25 thoughts on “Part 2 of Debate with Matt Dillahunty on Premier

  1. David,

    Why haven’t you posted my response to your question about the 2 options? Am I to take this as you conceding defeat, since you considered that Matt’s not posting the debate was as good as an admission that he’d lost? Having been so very critical of me for having ignored it, it is hardly fair of you to leave the impression that I haven’t responded when I have.

    Anyway, as to the second programme, I wouldn’t agree that Matt was distinctively better in the second than he was in the first. You were a lot better though, and the reasons are interesting.

    Your failure in the first programme was because that programme focussed on philosophical arguments and required analytical skills. You are greatly lacking in analytical skills, which means it is almost impossible for you to understand what your opponent is actually saying. You try to make some sense of their argument but are unable to do so because it is outside your skill set. That was amply demonstrated in the show and has to some extent been illustrated during your limited engagement with me on this blog.

    The failure to make sense of the argument is not because the argument itself does not make sense. The failure is yours. But you cannot see this so you cobble together something which is the nearest you can get to understanding it and unsuprisingly decide it is all rubbish. But it is your rubbish, not your opponent’s.

    However, the second programme required much less abilty to analyse abstract arguments. There was much more argument about the bible and history and this is obviously an area which you are much better equipped to deal with.

    You still lost, just not as catastrophically as in the first programme.

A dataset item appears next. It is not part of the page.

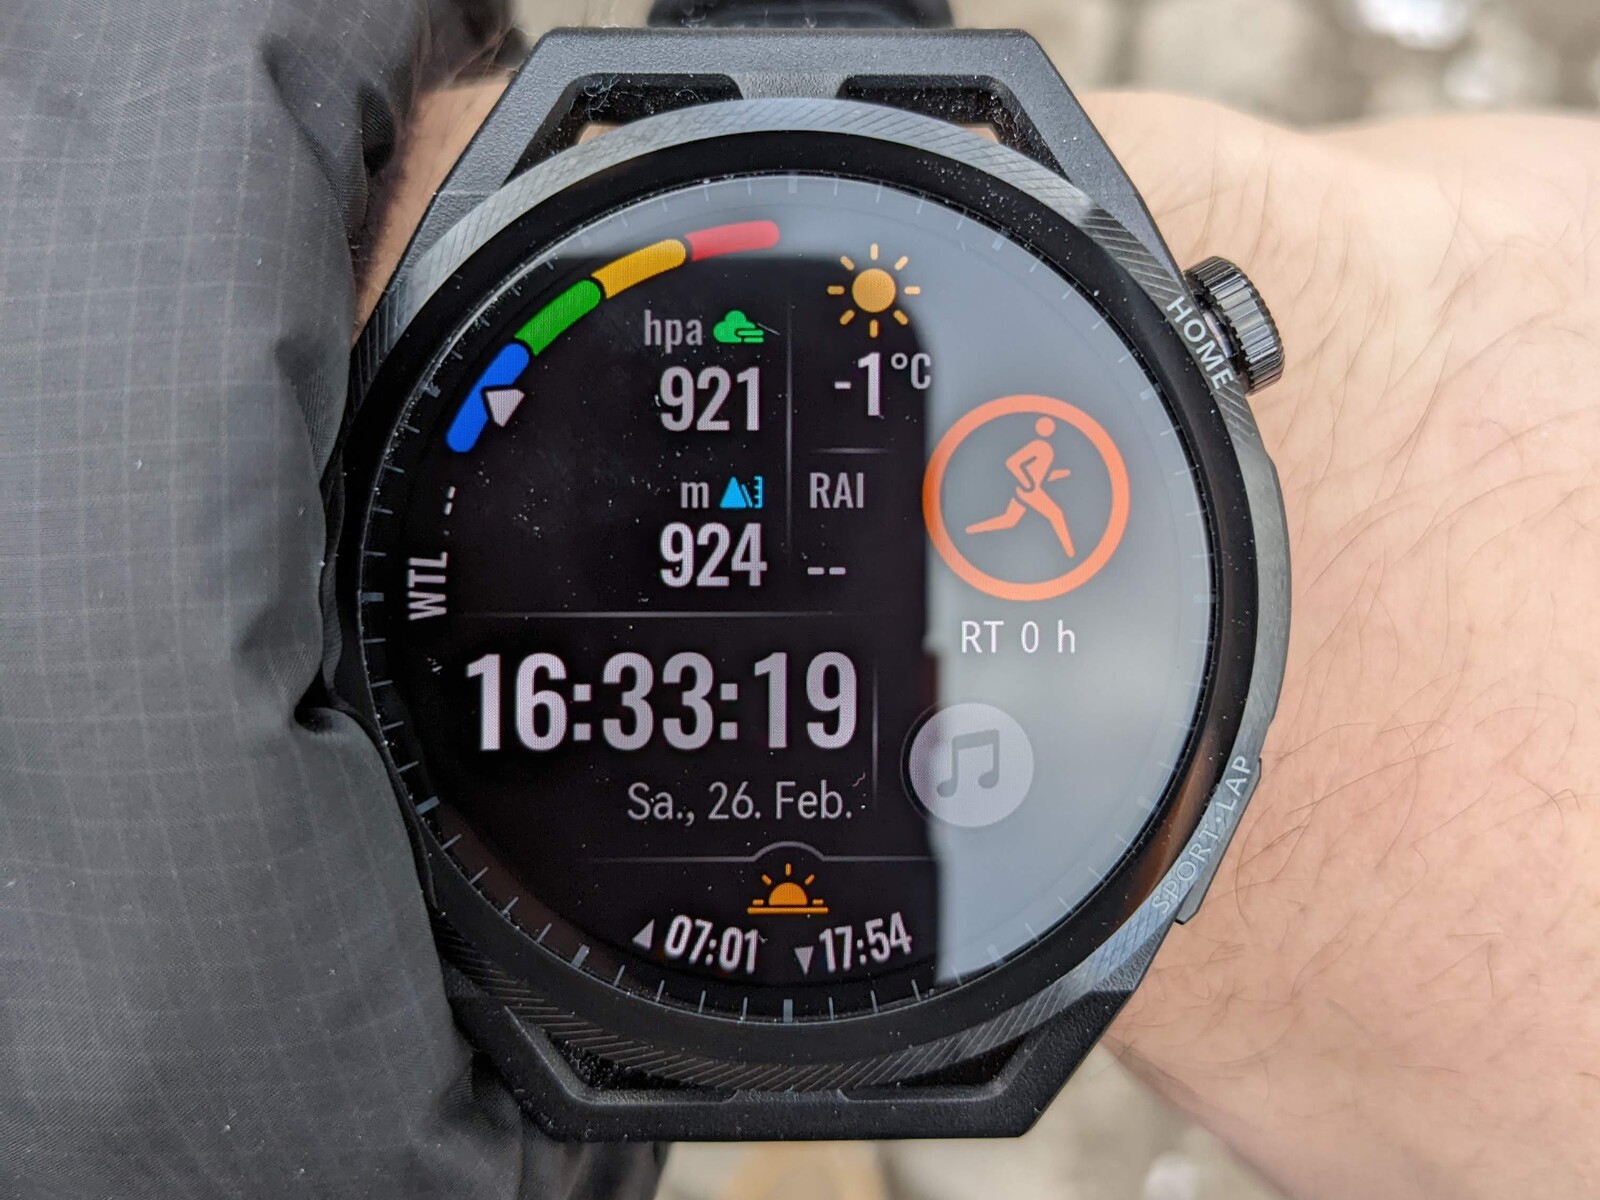 korn Konsulat Søjle Huawei Watch GT Runner review - Smartwatch for sports fans -  NotebookCheck.net Reviews

    1. What a pompous, arrogant and self righteous post! I did not post your response because I took a weekend away from the blog and only got round to it today. Your arrogance in smugly assuming that I did not understand Matts ‘philosophical arguments’ is breathtaking. I understood them all too well. They were at the level of his morality=well being. Its against well being to kill anyone. It is against the well-being of the child in the womb to kill it. Yes. So you’re against abortion. No. Thats the level Matt debated at. I was stunned, not at its profundity but at its foolishness. Almost at the level of arguing that the Bible is true because Jesus got the properties of salt wrong! I find it interesting that that I have received an enormous amount of furious, mocking and bitter posts about the two debates – I think I upset the NFAs by showing that the emperor has no clothes. To be honest I was stunned by Matts inability to stick to a logical position and the shallowness of his reasoning. Another classic ( of which there were many!) – Hitler was a Christian – who am I to say who is a Christian – there are probably only two real Christians (people who don’t do wrong – according to MAtt!) in the world – was Hitler one of them? Personally I think I let Matt off lightly…..

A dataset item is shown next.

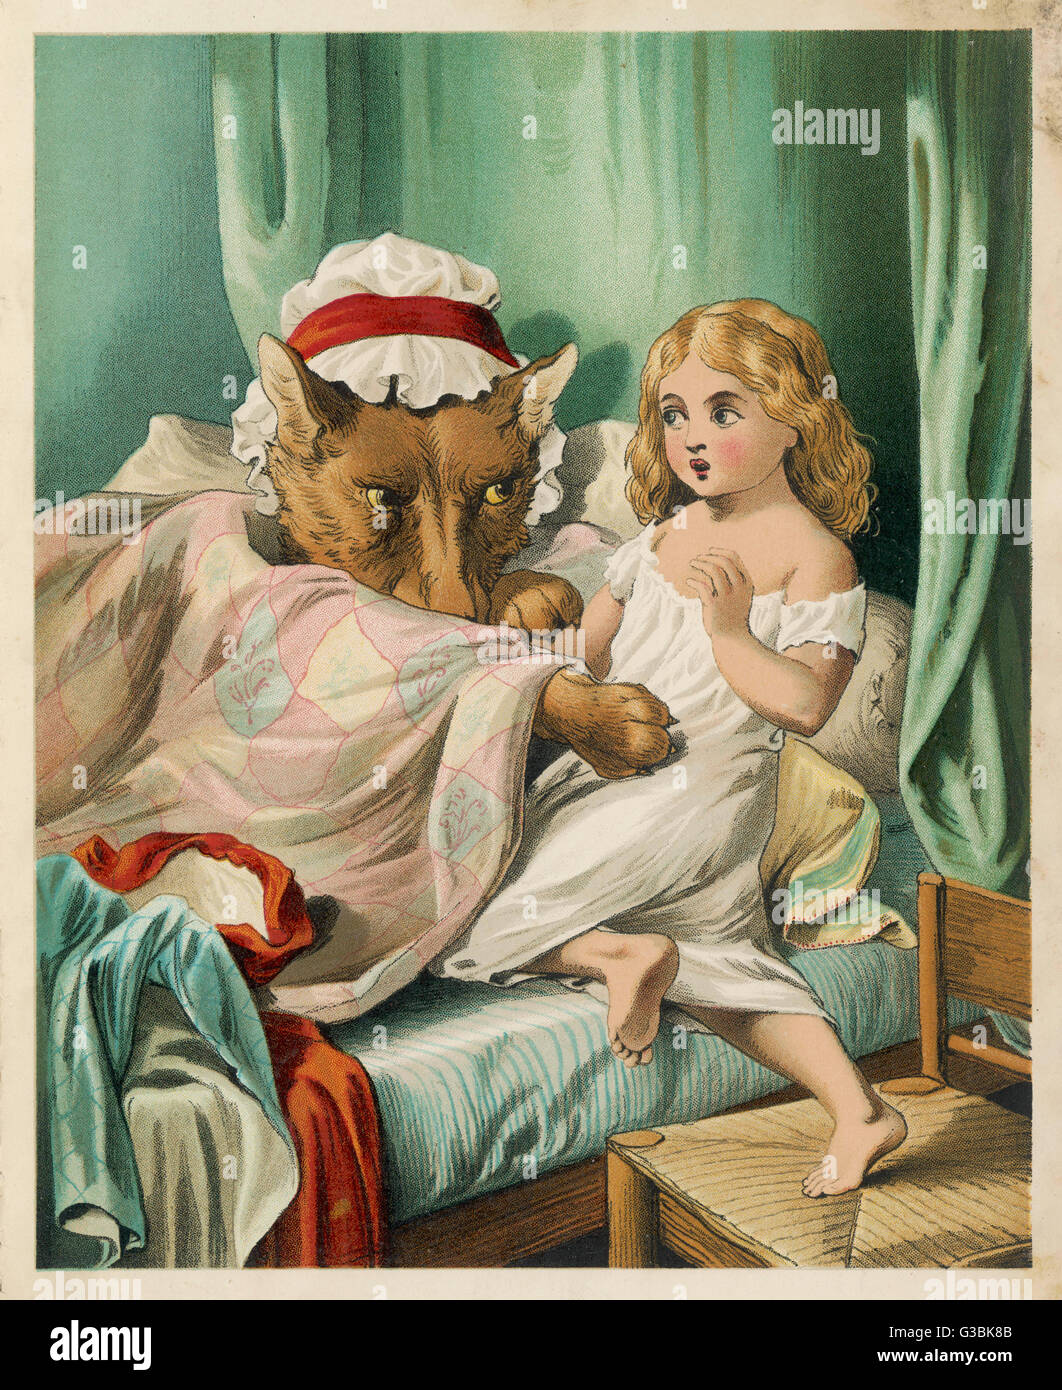 Der böse Wolf verkleidet sich als Red Riding Hood Großmutter und bittet sie, mit ihm ins Bett zu bekommen...      Datum: Ende des 19. Jahrhunderts Stockfoto

      1. Wow, first time on this blog. I was going to say great job on Unbelievable? David. So, great job David! Now I see the top comment (at this time) is some ridiculously clannish response by a myopic atheist. Honestly, we have seen better arguments from Richard Dawkins and other atheists than from Matt on these two programs. I have also seen better arguments and reasoning from anonymous posters on the internet than the post above. Even Justin Brierley pointed out he has never heard of the “Salt Objection.”

        I agree with your assessment of the debate – shocking shallowness and inability to follow through on a line of reasoning. It seemed to me Matt was arguing from several decades ago, he didn’t even understand proper textual criticism. He used an appeal to the Bible being ancient as a reason not to believe in general, which is ridiculous. He could have at least tried to bring up the “Q” source and something about the synoptic gospels being different from the gospel of John. I know that’s not an example of a good argument, but it would have at least been more contemporary.

        I am still amazed that in your reply above you state you have received many responses that are just as silly and arrogant. Is Matt the new standard of Atheism? If so I think Atheism is dead. His arguments against and problems with Christianity sound like discussions I might have had with friends in elementary school in the ’80s. If this is the man atheists are now looking up to and supporting, I think the New Atheists have devolved into a tribal and bigoted lot.

        Anyway, I really appreciate that you are one guest on Unbelievable? who represents classical christian thought, rather than liberalism. Keep up the good work, I thought you were appropriately straight forward.

  2. Sorry, there was a second part which I should have added. The fact that you were dealing with an area which was more within your comfort zone accounts for why you perceived Matt as having done better in Part 2. You were both talking about something which you understand and so that meant you were generally able to understand Matt, which had not been possible for you in programme 1. Once you could understand him, you could appreciate that he was making good points. He was making good points in Part 1 as well, but they just went over your head.

  3. I actually enjoyed this discussion more than the last one. I think that you were more gracious in the second of the debates,

    Again Matt fell down on the moral question. And while I’ll have to re-listen to show to confirm my thinking on the matter, I got the impression that quite a large portion of Matt’s objection came down to his own personal preference for how God should conduct business. Something like, “Ugh, well I don’t think God would do it this way because it’s dumb so there is no God”.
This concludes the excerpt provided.